Like this and like Katsch's idea about the lamb logo. Catchy is usually short so be careful using "accessories." best of luck with your venture. :thumbup:


----------



## RoxyCatlady (Mar 22, 2011)

flightpath said:


> Like this and like Katsch's idea about the lamb logo. Catchy is usually short so be careful using "accessories." best of luck with your venture. :thumbup:


I agree - what if later, you add items to the line- you don't want to limit yourself by saying "accessories".


----------



## taznwinston (Feb 5, 2012)

knit4zen said:


> "Knit Ali", kind of a play on alley


I like this one a lot. :thumbup: :thumbup: 
Also thinking of...
ToteAli Fab OR
Ali'z Handmades
For the Tote you could use a pic of a tote on your card.
For the Handmades you could use pics of ball of yarn or knitting needles plus a pr of scissors,and for your signage those items plus pics of a scarf,a pr of scissors cutting a piece of fabric etc


----------



## MaggieBelize (Aug 31, 2011)

boobooka said:


> Ali Baa Baa!!


Love this!


----------



## littlebaba (Jul 20, 2013)

All made by alli


----------



## smokinneedles (Jun 1, 2012)

Ali ba- bàaa knits


----------



## mattie cat (Jun 5, 2013)

Mattie sits on my lap when I am on the computer and she has read your post and suggested "Ali Cat"


----------



## chickkie (Oct 26, 2011)

try to make the name original not one that can be challenged as a copyrighted name like AliBaba

Designs by Ali
Ali's Designs


----------



## bettyirene (Apr 5, 2012)

Ali oop oop crafts


----------



## timtookie (Jun 5, 2011)

Right up my Ali


----------



## Catnip1948 (Aug 19, 2012)

How about "All from Ali"?


----------



## Chezl (Mar 12, 2012)

timtookie said:


> Right up my Ali


This one I really like.


----------



## harter0310 (Nov 13, 2012)

Ali's Den.


----------



## Nannyshirl (May 11, 2013)

Ali's knitnacks
Ali-crafts 
Ali-knitly-fabulous!
Acces-Ali's

Do let us know what you decide on


----------



## Nannyshirl (May 11, 2013)

Chezl said:


> This one I really like.


Better still, right up your Ali!


----------



## AllyMu (Jan 31, 2011)

boobooka said:


> Ali Baa Baa!!


Sounds perfect to me.


----------



## JoanDL (Aug 26, 2013)

The Finishing Touch


----------



## beachknit (Oct 25, 2011)

knit4zen said:


> "Knit Ali", kind of a play on alley


 :thumbup: :thumbup: :thumbup: :thumbup:


----------



## AussieSheila (Oct 20, 2013)

Ali Bazaar


----------



## mac.worrall (Jun 24, 2011)

Alibaba


----------



## Marny CA (Jun 26, 2011)

Ali-You Need

Ali-cAdAbrA Accessories


----------



## iyaya (Jan 26, 2014)

Love the "Ali Baa Baa" with a picture of a sheep!


----------



## Bobbiek277 (Mar 2, 2011)

ali- oop knits


----------



## SharonBee (Oct 20, 2013)

..catchy! -> (ali baa baa)


----------



## Furface (May 4, 2013)

Ali-Kazaam yarn.


----------



## diziescott (Mar 25, 2011)

You could reference Alibaba indirectly if you went with Ali's Treasures, which also leaves flexibility in what you knit/make.

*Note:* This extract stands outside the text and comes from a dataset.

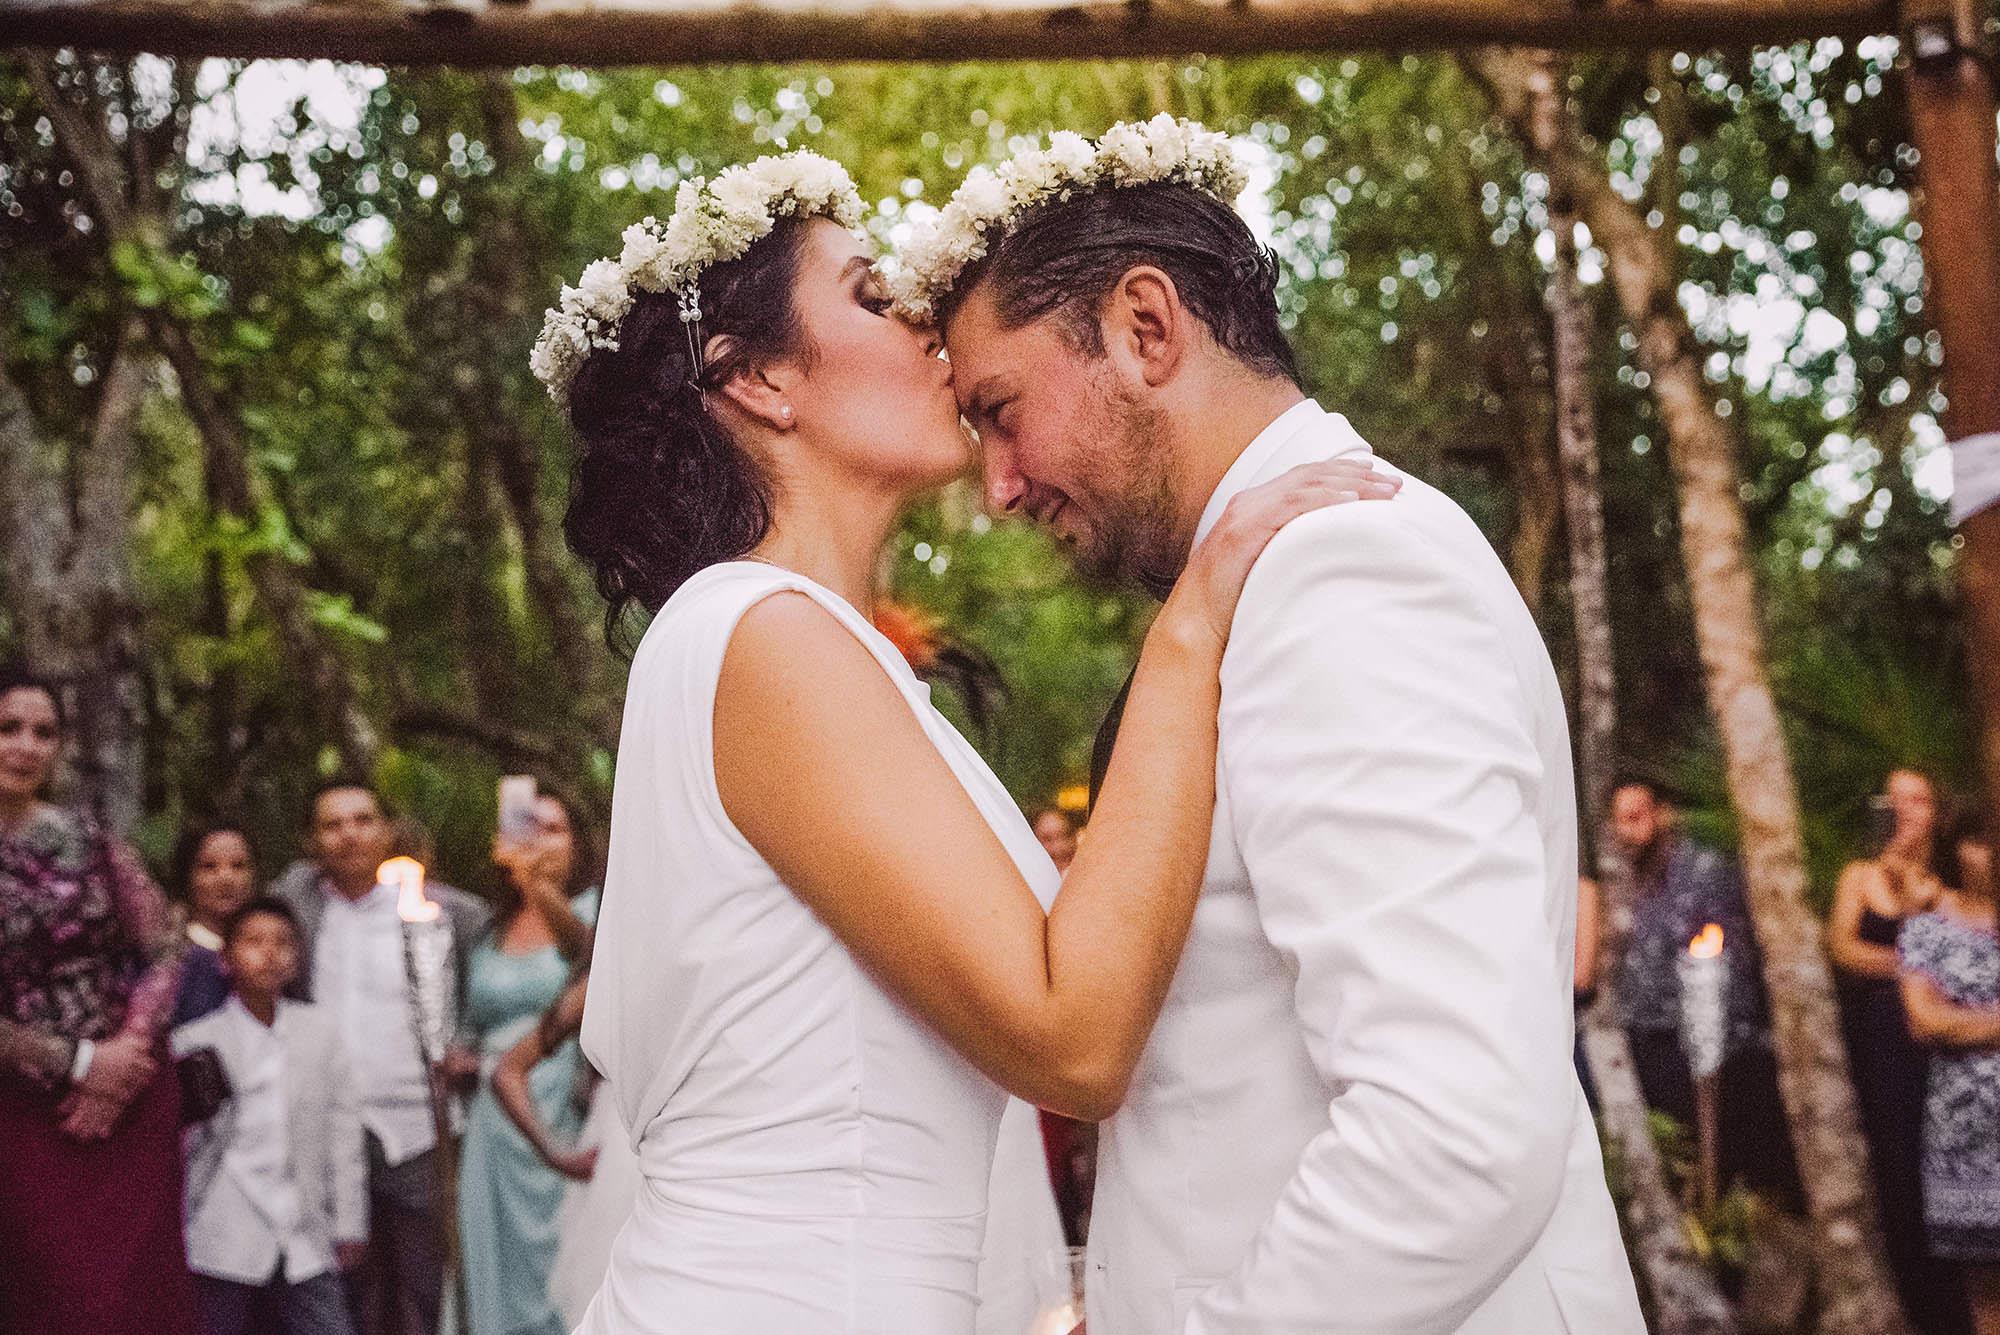 Wedding playa del carmen planner destination mexico magali espinosa40-WEB.jpg

Whatever you decide, best of luck with getting started with this new company!


----------



## myramahm (Nov 29, 2011)

You also need alude to what it is that Ali does, so crafts, knitting and crotchet might be included somwhere.

Otherwise something very catchy that people will be drawn to.

Myra


----------



## ykreeves (Jul 9, 2012)

Ali Catch's or Ali Catches


----------



## annweb (Feb 23, 2012)

Some brilliant suggestions so wonder how you will pick one out .


----------



## siouxann (Mar 5, 2011)

Ali Mama Knits


----------



## Lovinknittin (Apr 2, 2011)

knit4zen said:


> "Knit Ali", kind of a play on alley


I like this!!


----------



## Lil Kristie (Nov 25, 2011)

KnitnAli


----------



## cafeknitter (Apr 2, 2013)

Ali9407 said:


> I knit accessories, (purses necklaces,scarves, etc.). I would like to sell them at craft fairs and maybe etsy and eBay. I need a catchy name for a business card and labels. If possible I would like my name (Ali) incorporated. Been racking my brain and then remembered what a creative group we have. Would appreciate any suggestions.


How about Sit N Knit


----------



## osterville (May 28, 2011)

Alli Cat Crafts (Knits)


----------



## Ann DeGray (May 11, 2011)

boobooka said:


> Ali Baa Baa!!


I like this and Katsch's idea of the genie, etc. on the card. I'd stay away from "accessories". Just Ali BaaBaa and the cute sketch. Good luck!


----------



## dlinke (Mar 20, 2012)

Ali's Baubles


----------



## ilmacheryl (Feb 3, 2013)

My first thought was Ali Baba. I see someone came up with a variation which is cute and I like it. I don't know if you're a grandmother or not, but in several Slavic languages, "baba" means grandmother, so, if you are a grandmother, Ali Baba Crafts (or knits) would be a subtle play on words.


----------



## juliewanamaker (May 5, 2011)

Knit Ali-Buy's

Ali-Loops


----------



## Ann DeGray (May 11, 2011)

iyaya said:


> Love the "Ali Baa Baa" with a picture of a sheep!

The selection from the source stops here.